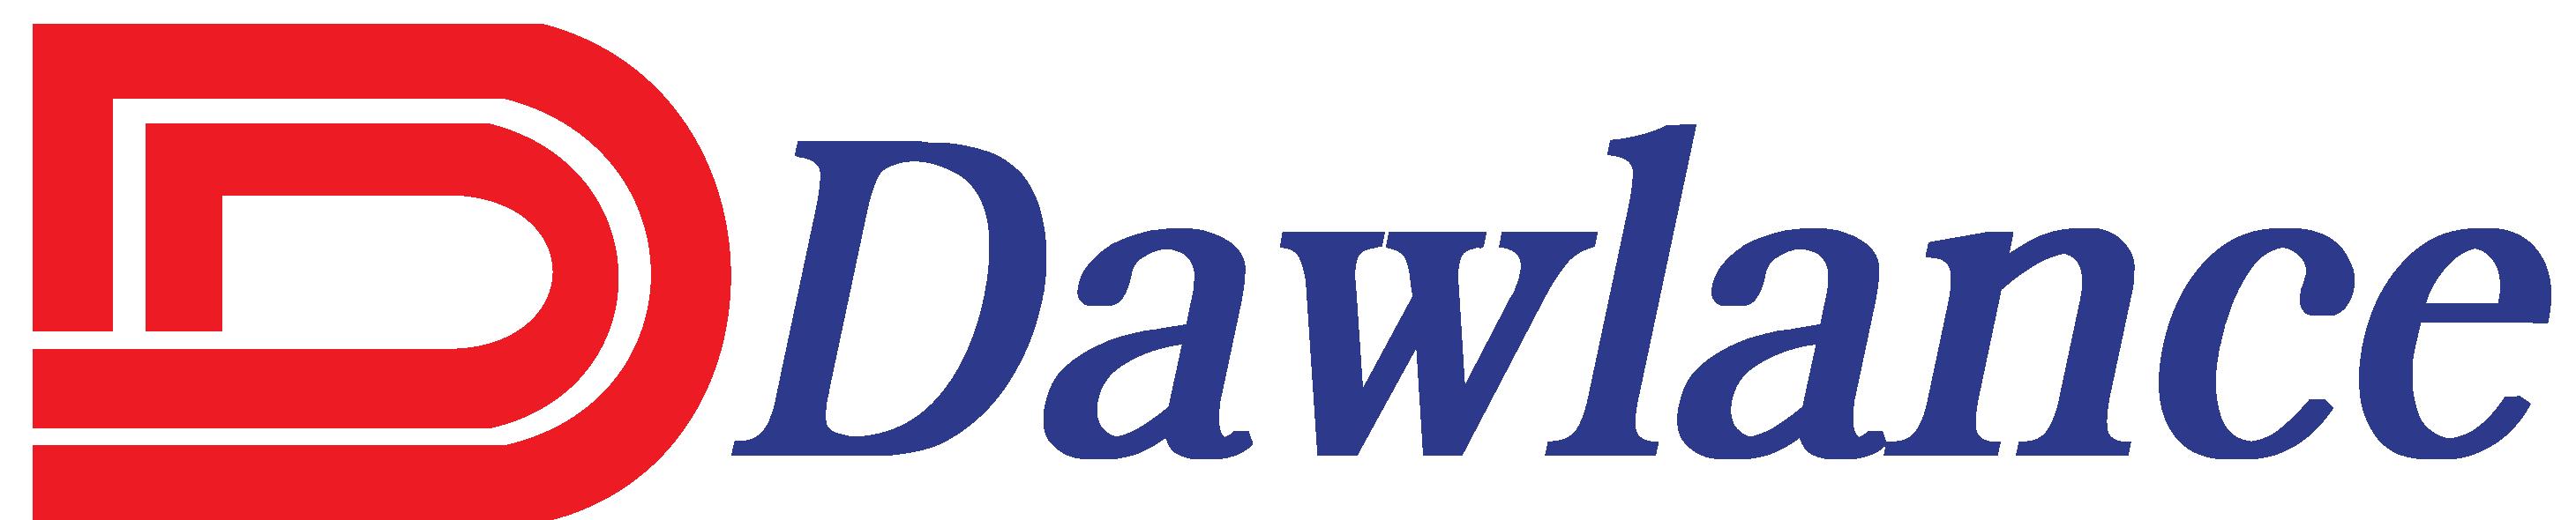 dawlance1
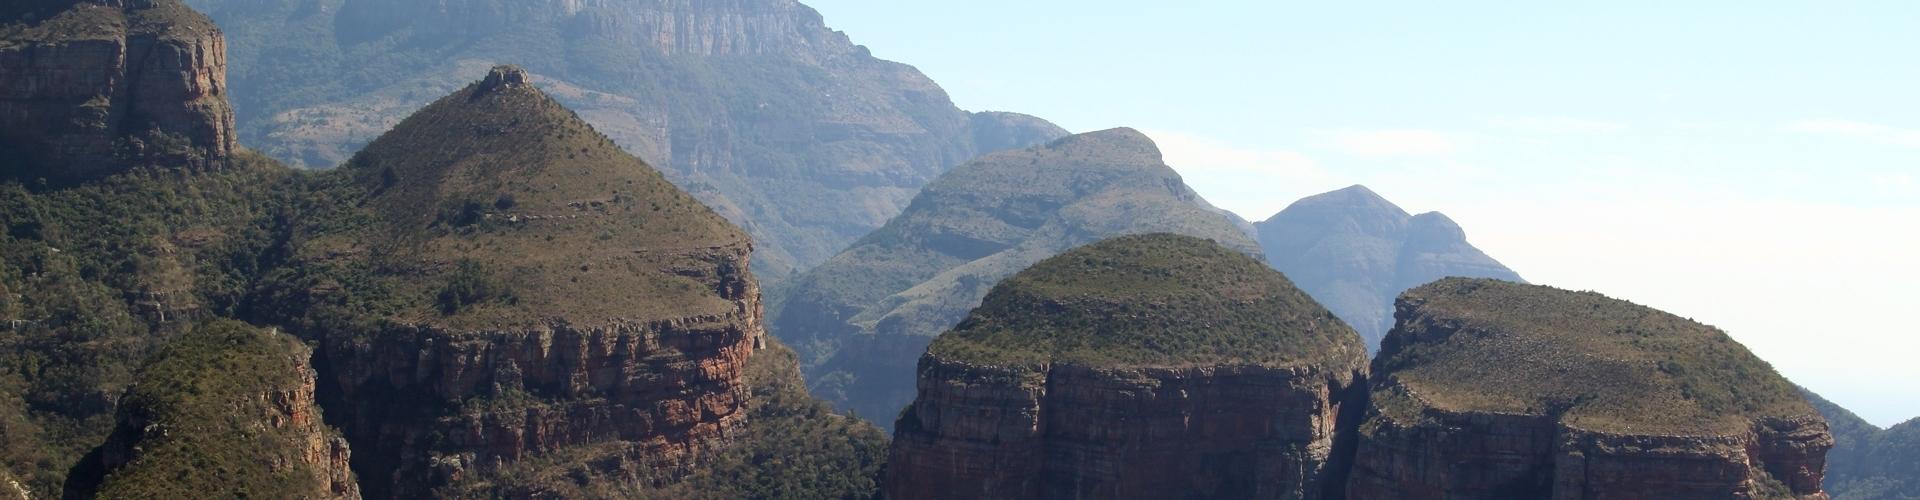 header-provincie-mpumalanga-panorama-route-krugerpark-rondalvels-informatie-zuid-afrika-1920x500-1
* * *
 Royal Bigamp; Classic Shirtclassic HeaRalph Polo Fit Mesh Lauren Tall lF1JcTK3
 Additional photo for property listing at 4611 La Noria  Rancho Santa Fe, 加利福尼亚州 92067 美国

EXERCISE OBJECTIVE -> Using the listing above, return word for word each line from the one that has "Royal Bigamp; Classic" through the one that has "Additional photo for", and no line outside that range.

WRITTEN ANSWER ->
 Royal Bigamp; Classic Shirtclassic HeaRalph Polo Fit Mesh Lauren Tall lF1JcTK3
 Additional photo for property listing at 4611 La Noria  Rancho Santa Fe, 加利福尼亚州 92067 美国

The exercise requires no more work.